On the other hand, having data of a low granularity would support only specific queries. But, with the reduced volume of data, you would realize significant improvements in performance.

6. Structuring the Data In structuring the data

Structuring the Data In structuring the data, for data warehousing, we can distinguish three basic types of data that can be used to satisfy the requirements of an organization: · Real-time data · Derived data · Reconciled data In this section, we describe these three types of data according to usage, scope, and currency. You can configure an appropriate data warehouse based on these three data types, with consideration for the requirements of any particular implementation effort. Depending on the nature of the operational systems, the type of business, and the number of users that access the data warehouse, you can combine the three types of data to create the most appropriate architecture for the data warehouse.

7. Data Modeling

Data Modeling for a Data Warehouse This chapter provides you with a basic understanding of data modeling, specifically for the purpose of implementing a data warehouse. Data warehousing has become generally accepted as the best approach for providing an integrated, consistent source of data for use in data analysis and business decision making. However, data warehousing can present complex issues and require significant time and resources to implement. This is especially true when implementing on a corporatewide basis. To receive benefits faster, the implementation approach of choice has become bottom up with data marts. Implementing in these small increments of small scope provides a larger return-on-investment in a short amount of time. Implementing data marts does not preclude the implementation of a global data warehouse.
It has been shown that data marts can scale up or be integrated to provide a global data warehouse solution for an organization. Whether you approach data warehousing from a global perspective or begin by implementing data marts, the benefits from data warehousing are significant. The question then becomes, How should the data warehouse databases be designed to best support the needs of the data warehouse users? Answering that question is the task of the data modeler. Data modeling is, by necessity, part of every data processing task, and data warehousing is no exception. As we discuss this topic, unless otherwise specified, the term data warehouse also implies data mart. We consider two basic data modeling techniques in this book: ER modeling and dimensional modeling. In the operational environment, the ER modeling technique has been the technique of choice. With the advent of data warehousing, the requirement has emerged for a technique that supports a data analysis environment. Although ER models can be used to support a data warehouse environment, there is now an increased interest in dimensional modeling for that task. In this chapter, we review why data modeling is important for data warehousing. Then we describe the basic concepts and characteristics of ER modeling and dimensional modeling.
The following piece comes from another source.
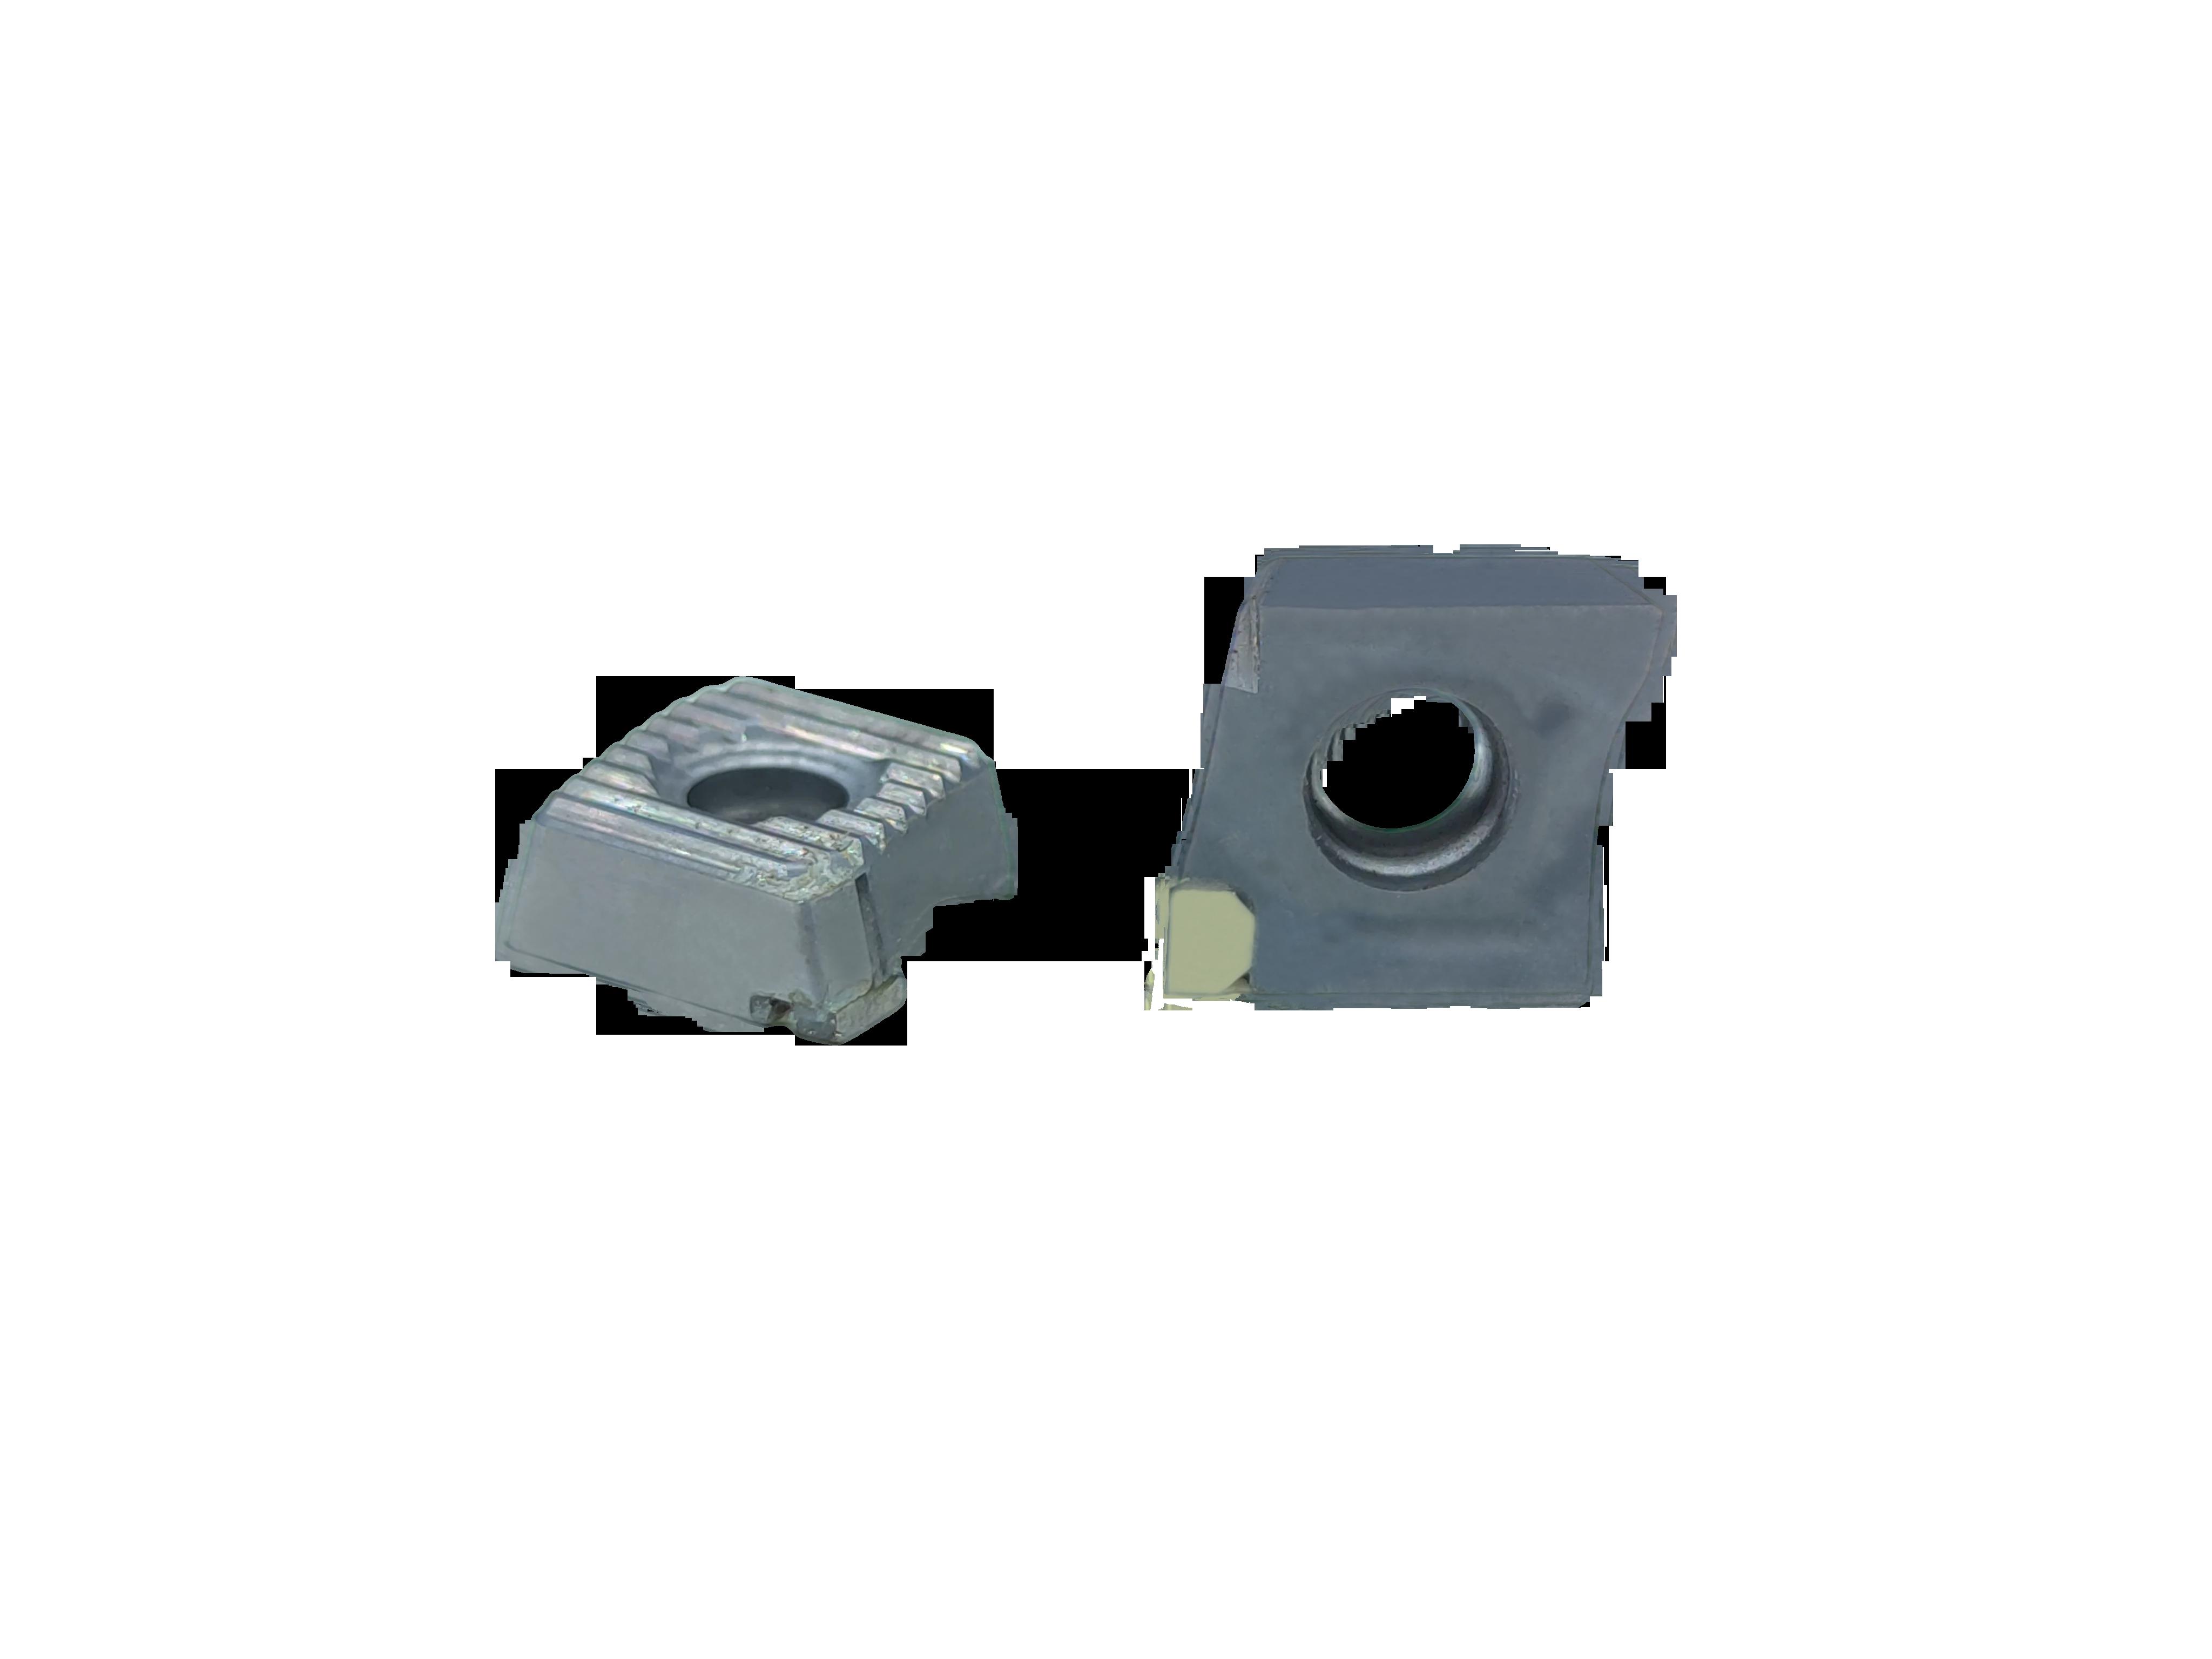 单晶金刚石铣刀性能特点以及应用领域
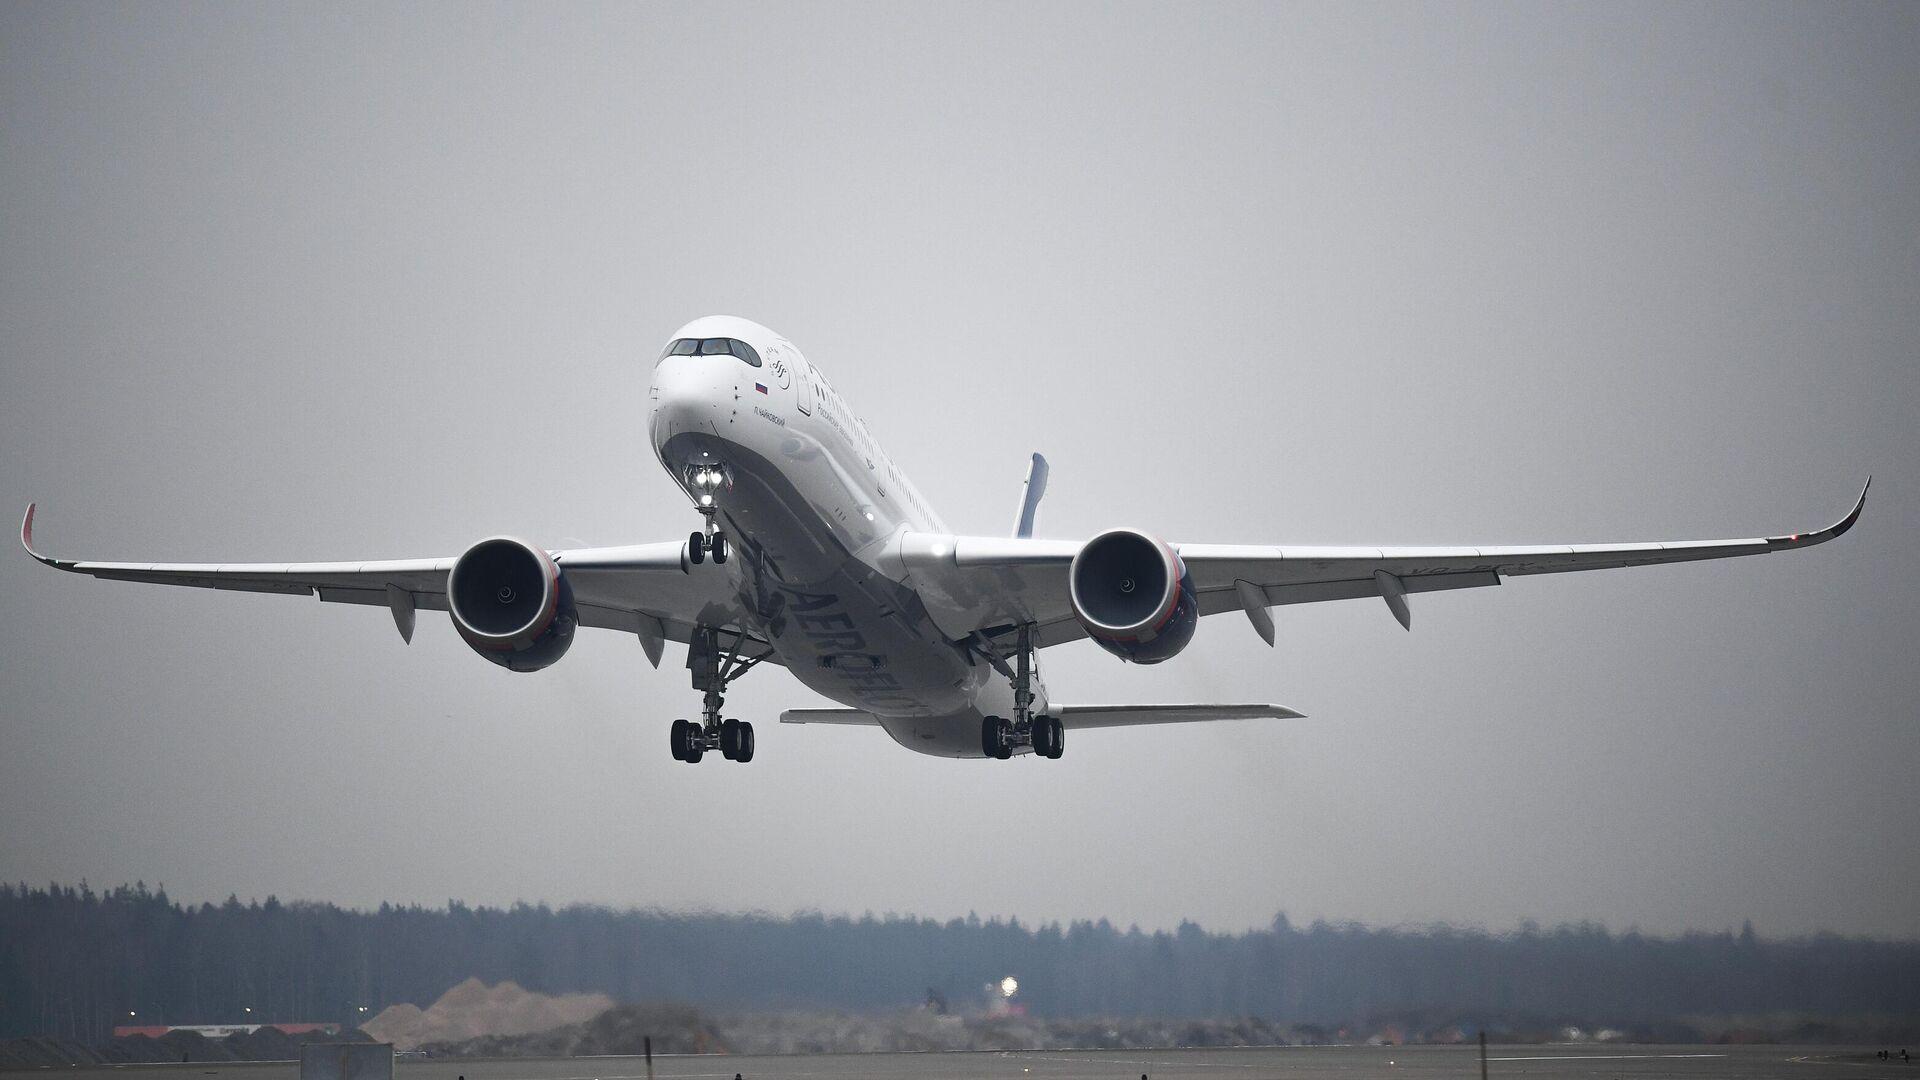 Самолет Airbus A350-900 во время взлета в Международном аэропорту Шереметьево - РИА Новости, 1920, 05.03.2021

8. The Process of Data Warehousing

The Process of Data Warehousing This chapter presents a basic methodology for developing a data warehouse. The ideas presented generally apply equally to a data warehouse or a data mart. Therefore, when we use the term data warehouse you can infer data mart. If something applies only to one or the other, that will be explicitly stated. We focus on the process of data modeling for the data warehouse and provide an extended section on the subject but discuss it in the larger context of data warehouse development. The process of developing a data warehouse is similar in many respects to any other development project. Therefore, the process follows a similar path. What follows is a typical, and likely familiar, development cycle with emphasis on how the different components of the cycle affect your data warehouse modeling efforts.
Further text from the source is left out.